While I was growing up, reading was the only form of privacy available. I shared a room with my younger brother. My sister could close her bedroom door to us boys, but even she couldn't keep our parents from entering without knocking. We kids had no qualms at all about walking in on our mother in the bathroom. Hey, we had teeth to brush. The only way to escape these shared indignities was to lose oneself in a book. No wonder my interests tended toward fantasy and science fiction. I would emerge on the far side of a weekend steeped in a particularly gripping story, read through meals and late into the night, dazed and wobbly and blinking at my now unfamiliar surroundings.

Brian and Tziporah Lax
As newlyweds, my wife and I decided to read certain books aloud to each other in a fit of spousal bonding. On Friday nights (the Jewish Sabbath, which we reserved for intimate reflection) we could easily work our way through six hours, two bottles of wine, a pot of coffee, and at least a few chapters of a gripping memoir or travel narrative before our Sabbath candles burned down.

What had once been my unassailable retreat had now been thrown wide open. I had to get used to the sound of my own voice invading an artfully crafted story. I had to learn how to speak while listening and how to regather the thread of the story after a twenty minute digression. Sometimes, we couldn't get through five pages because we paused every few sentences to confirm, disagree, or share a tangential anecdote.
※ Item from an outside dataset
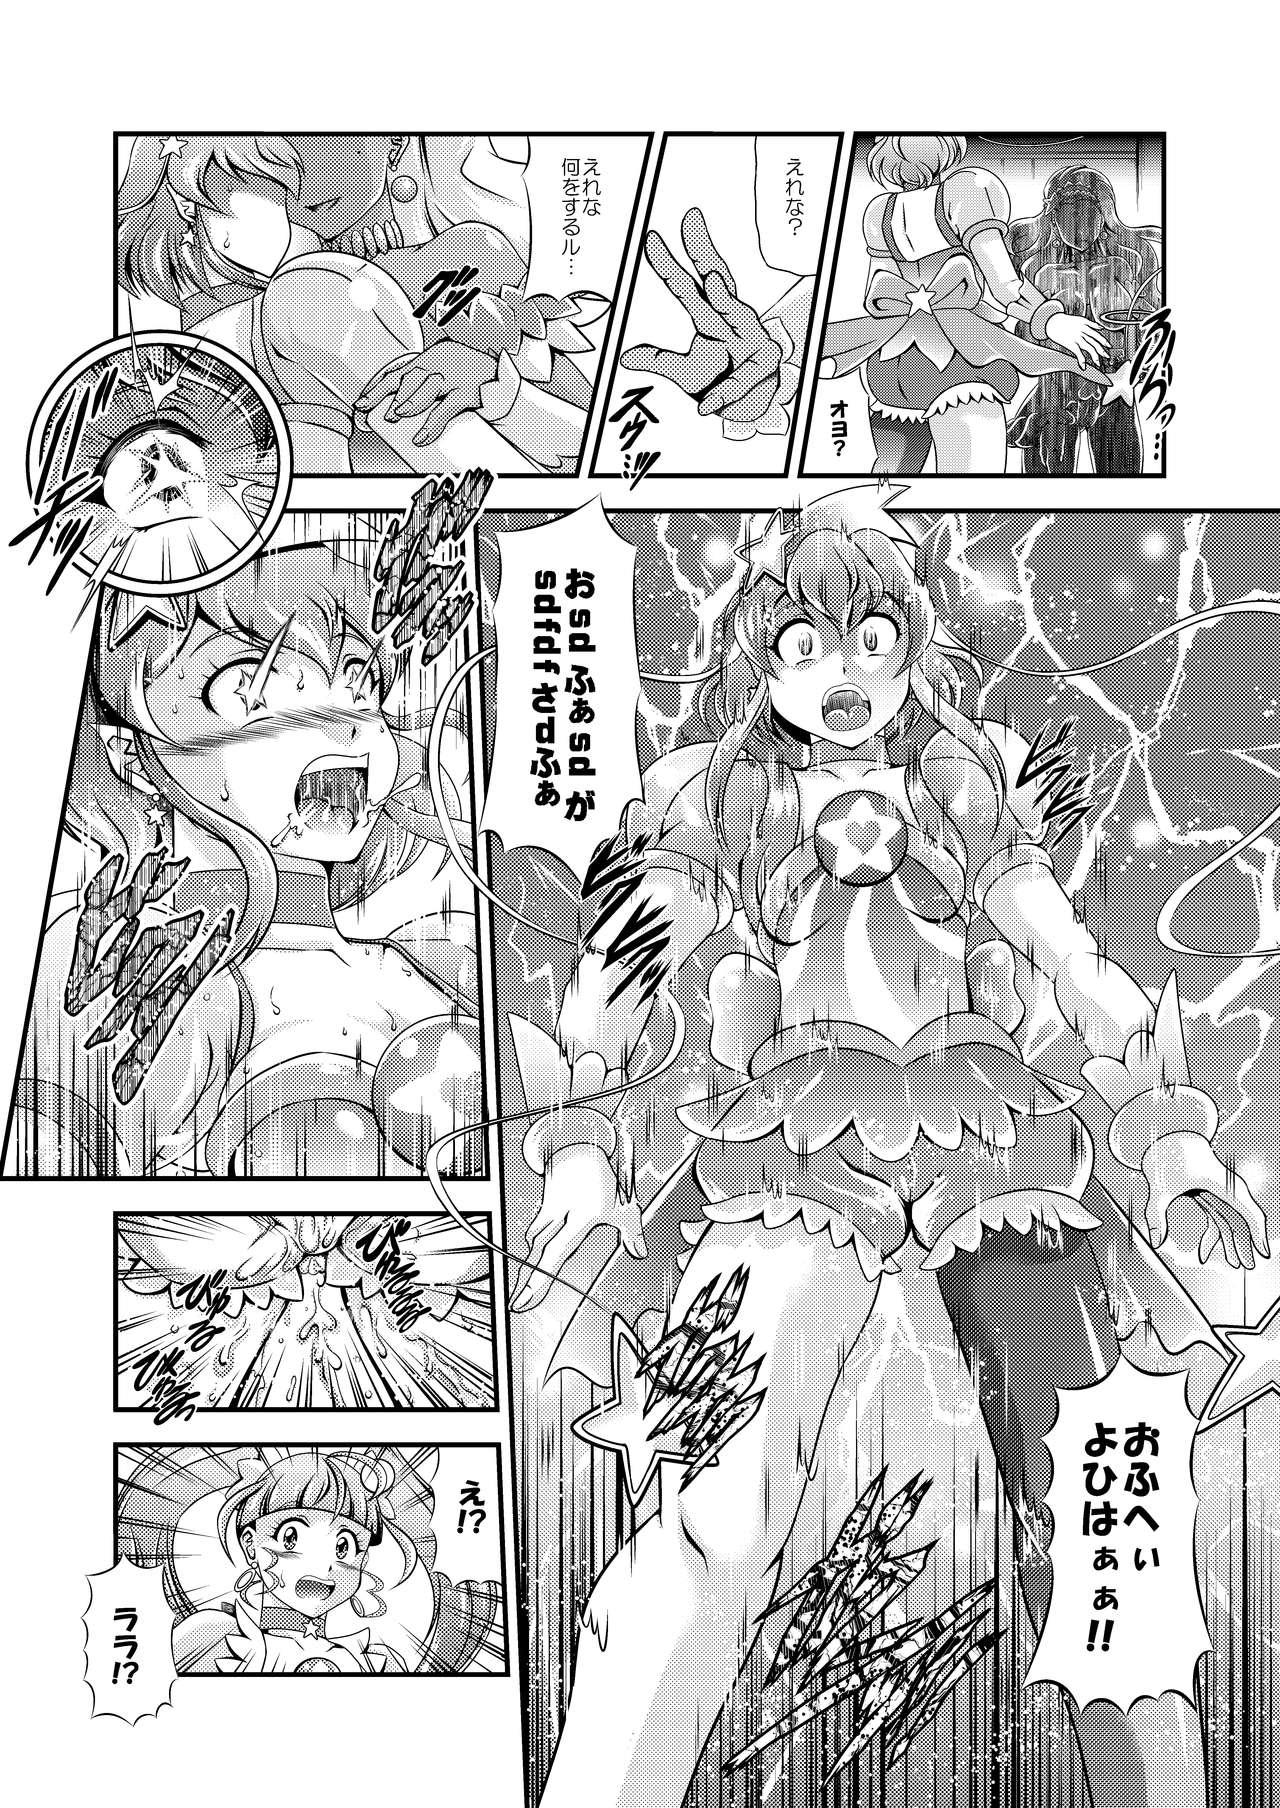 Gostosas Greatest Eclipse ~ OVER the RAINBOW + Omake File - Star twinkle precure Dutch - Page 11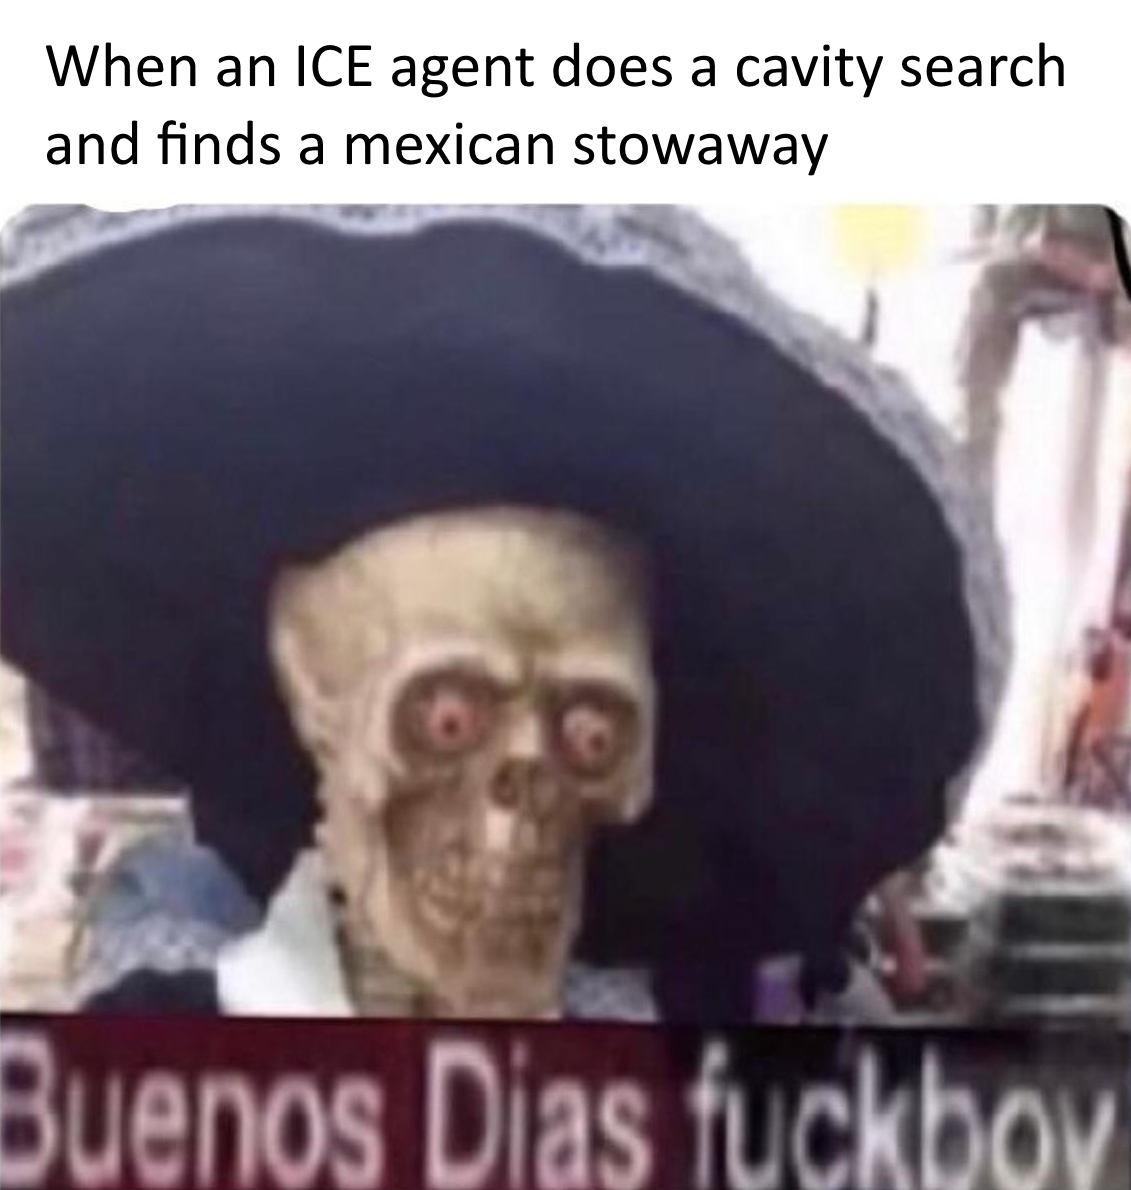 Your skeleton could be an illegal immigrant

The great joy was when we were truly able to shed the cares of the week – academic and financial stress, household minutiae—to reflect upon something larger. Reading provided a point of departure, and a place to return.
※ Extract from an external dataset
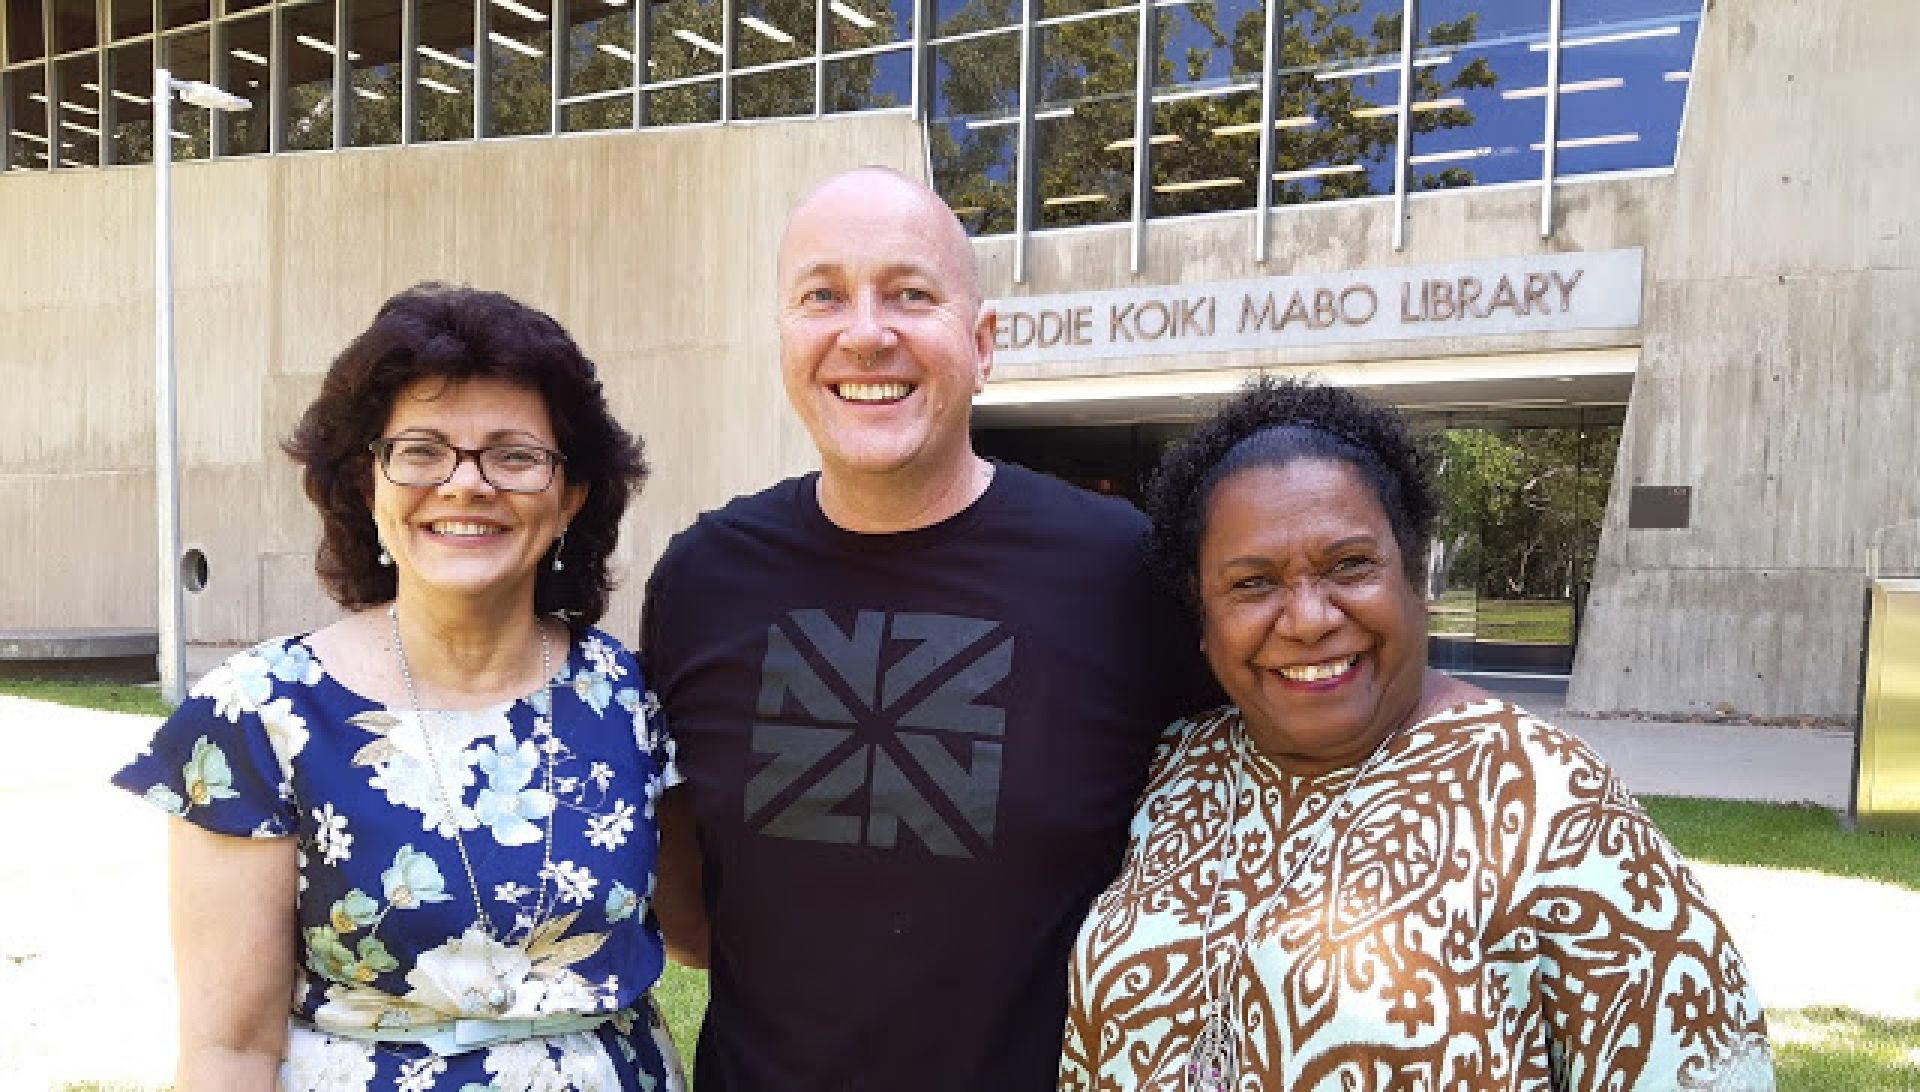 Helen Hooper, Rob Douma, and Gail Mabo smile while standing in front of the Mabo Library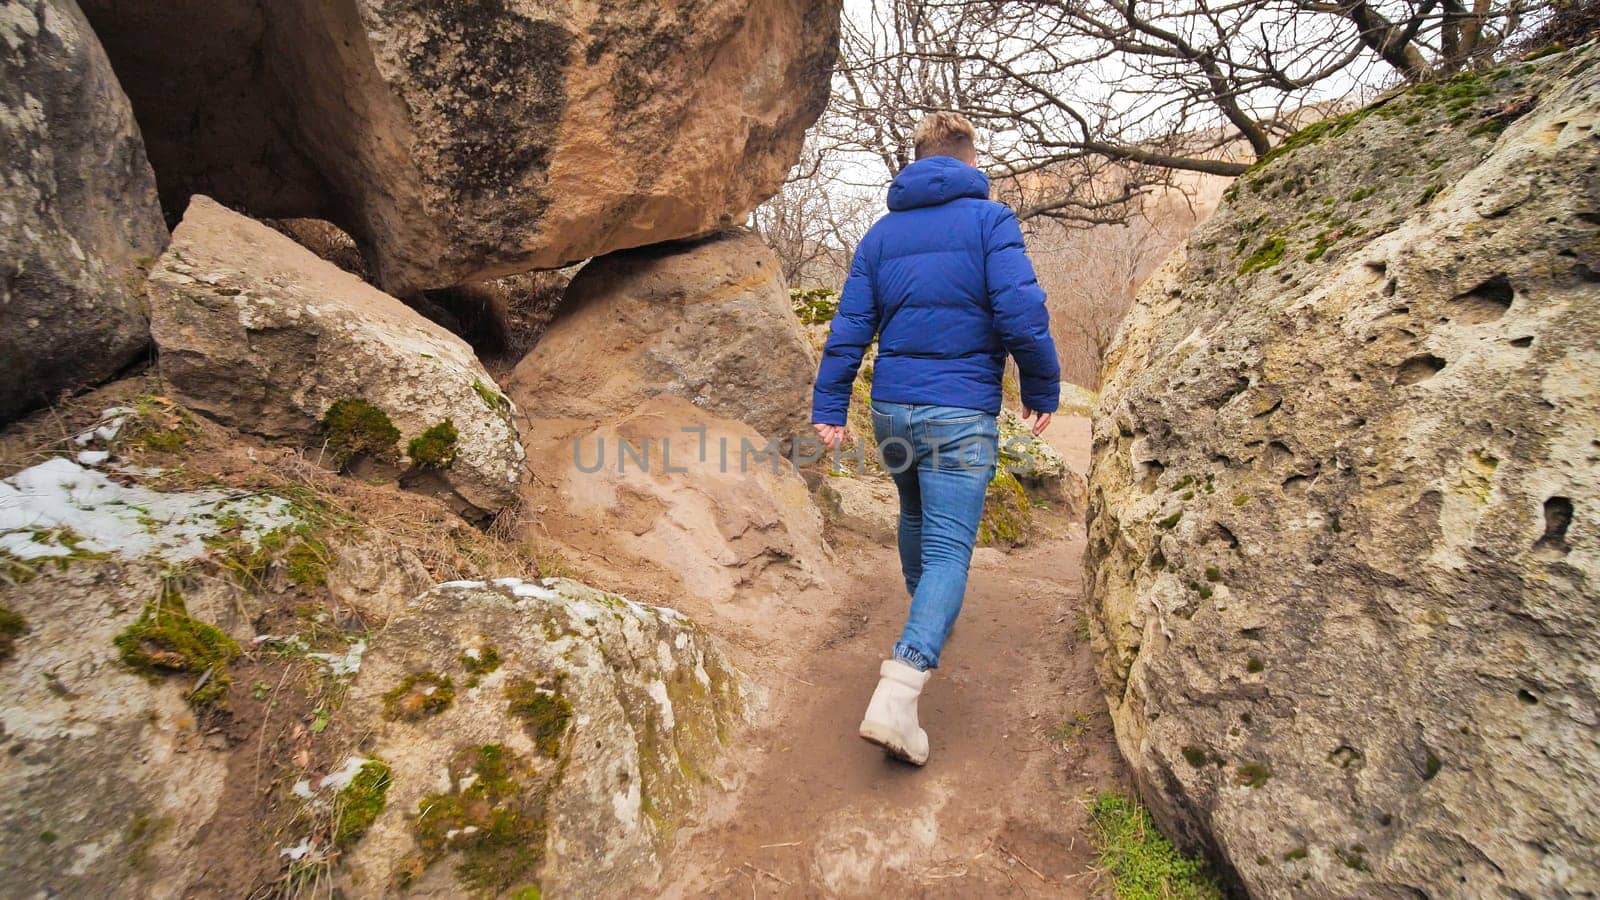 A tourist strolling among the rocks in the Ihlara Valley in Cappadocia, Turkey

Now we have two children. Dinners last one hour, not six. Wine is consumed by the glass, not by the bottle. Interruptions endanger all forms of conversation. But our family read-aloud time, which has expanded well beyond Friday nights, is still our main vehicle for sharing entertainment, ideas, and experiences. Sometimes, when our 18-month-old has fallen asleep on my chest or is happily burbling in a corner with her toys, and our 5-year-old is curled serenely on the couch, listening astutely, our living room feels a lot less like Mr. Rogers' Neighborhood and more like a college cafe.

Household privacy is still at a premium, as it was when I was a child. But there is compensation. When reading takes me to some distant, remote isle, there are three pairs of footsteps running next to mine. When we get lost in a story, we are all lost together.